Discurso de Michael Jordan na Homenagem a Kobe Bryant

E hoje terminamos mais uma semana. A primeira deste diário. Durante o fim de semana continuaremos a postar os dias.

Mas hoje o tema que escolho para reflexão é uma pergunta muito simples,

O que queremos para a nossa Vida?

E seguido de outra questão,

E o que pretendemos fazer para alcançar aquilo que queremos?

Podem ser questões que já vos assolaram vezes e vezes. São questões Cliché, mas porque são importantes, logo clichés…

Afinal nascemos, crescemos, aprendemos, somos educados e formados, desejamos uma vida independente, vivemos muito do nosso tempo com objectivos e a desejar alcançá-los… mas quando somos colocados perante a questão… o que de facto queres para a tua vida?… a resposta é uma mistura entre amplitude e algo vago… a resposta na maioria é Ser Feliz!… Ok… mas e o que pretendes ou estás disposto a fazer para Ser Feliz?… E entramos nos soluços, nas respostas pré concebidas… “então, quero ter um bom emprego, encontrar alguém que me faça feliz, ter filhos, uma casa de sonho, um carro de sonho, viajar…” ou então ” eu quero ter um emprego onde me sinta feliz, quero ter a minha casa, as coisas que me fazem feliz, ter amigos e estar com amigos, viajar, ter dinheiro, não ter grandes preocupações…” e acrescento ainda “quero aproveitar cada momento, quero sentir cada momento, não me quero preocupar muito com o amanhã, logo se vê…quero aceitar a vida como ela e com aquilo que ela me dá…”

Mas afinal o que queres para ti? Se pudesses dizer apenas duas palavras, o que seria? E em três palavras apenas, diz como pretendes fazer para conseguires?

A Vida… isto é uma palavra. Uma simples palavra. Podia ser outra qualquer que definisse tudo isto. Felicidade é também uma palavra apenas, que tantas vezes torna o sentido de ser feliz tão perdido que nos perdemos em malabarismos intelectuais, sociais e filosóficos, para conseguir definir o que de facto é para nós a felicidade… assim como a vida. Por isso tantas vezes temos dificuldade em sabermos responder à segunda questão, porque não sabemos bem responder à primeira…

E porquê?

Não sou detentor de nenhum absolutismo, logo de nenhuma absoluta verdade… mas partilho convosco que muitas vezes me vou colocando estas questões. Sempre que defino objectivos concretos para mim… e dou-vos um exemplo claro… há vários anos atrás, vivia um momento de duvidas pessoais. Tinha de fazer uma escolha. Uma escolha que iria impactar na minha vida futura, mas também na vida de outras pessoas. Recordo-me de escrever estas duas questões, não textualmente assim, mas o sentido era o mesmo…

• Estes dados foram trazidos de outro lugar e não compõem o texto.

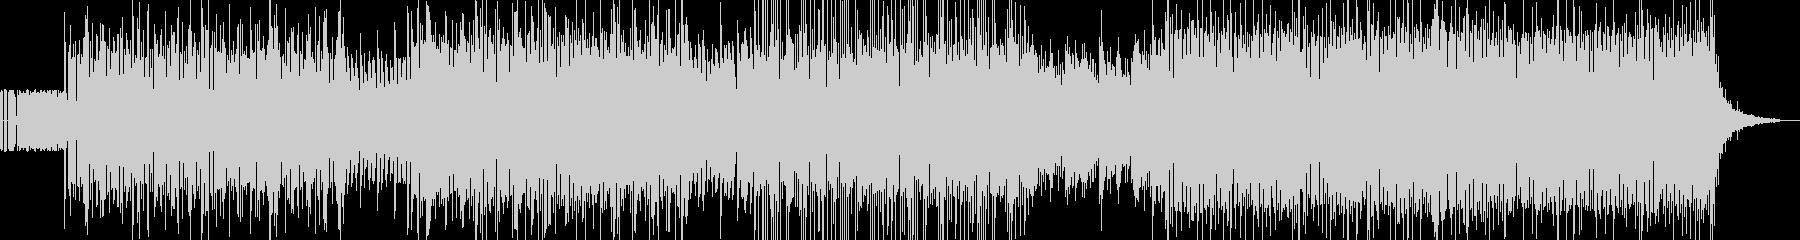 気持ちよく聴けることを重視したEDMの未再生の波形

E respondi várias vezes a elas… e várias vezes risquei o que escrevi. E voltava a responder e de novo riscava. Até que fiz algo diferente. Comecei a fazer uma lista das palavras que repetidamente escrevia como resposta e repetidamente as riscava. E ainda tenho essa lista…

Eu escrevi isto há 16 anos atrás… mas podia ter sido à mais ou menos tempo… mas ao fazer esta lista deparei-me com a questão… mas afinal o que é que eu realmente quero para mim? E foi ai que percebi que a resposta não está nas palavras que escrevo ou nas ideias que possa rabiscar… está no que eu de facto quero para mim, no que sinto ser o propósito naquele momento que me faz sentido lutar, ir, acreditar… e não precisei de escrever, porque andava perdido em frases feitas e na percepção básica da nossa formação… felicidade… e se repararem, eu não escrevi nada de negativo… tudo o que eu desejava era positivo…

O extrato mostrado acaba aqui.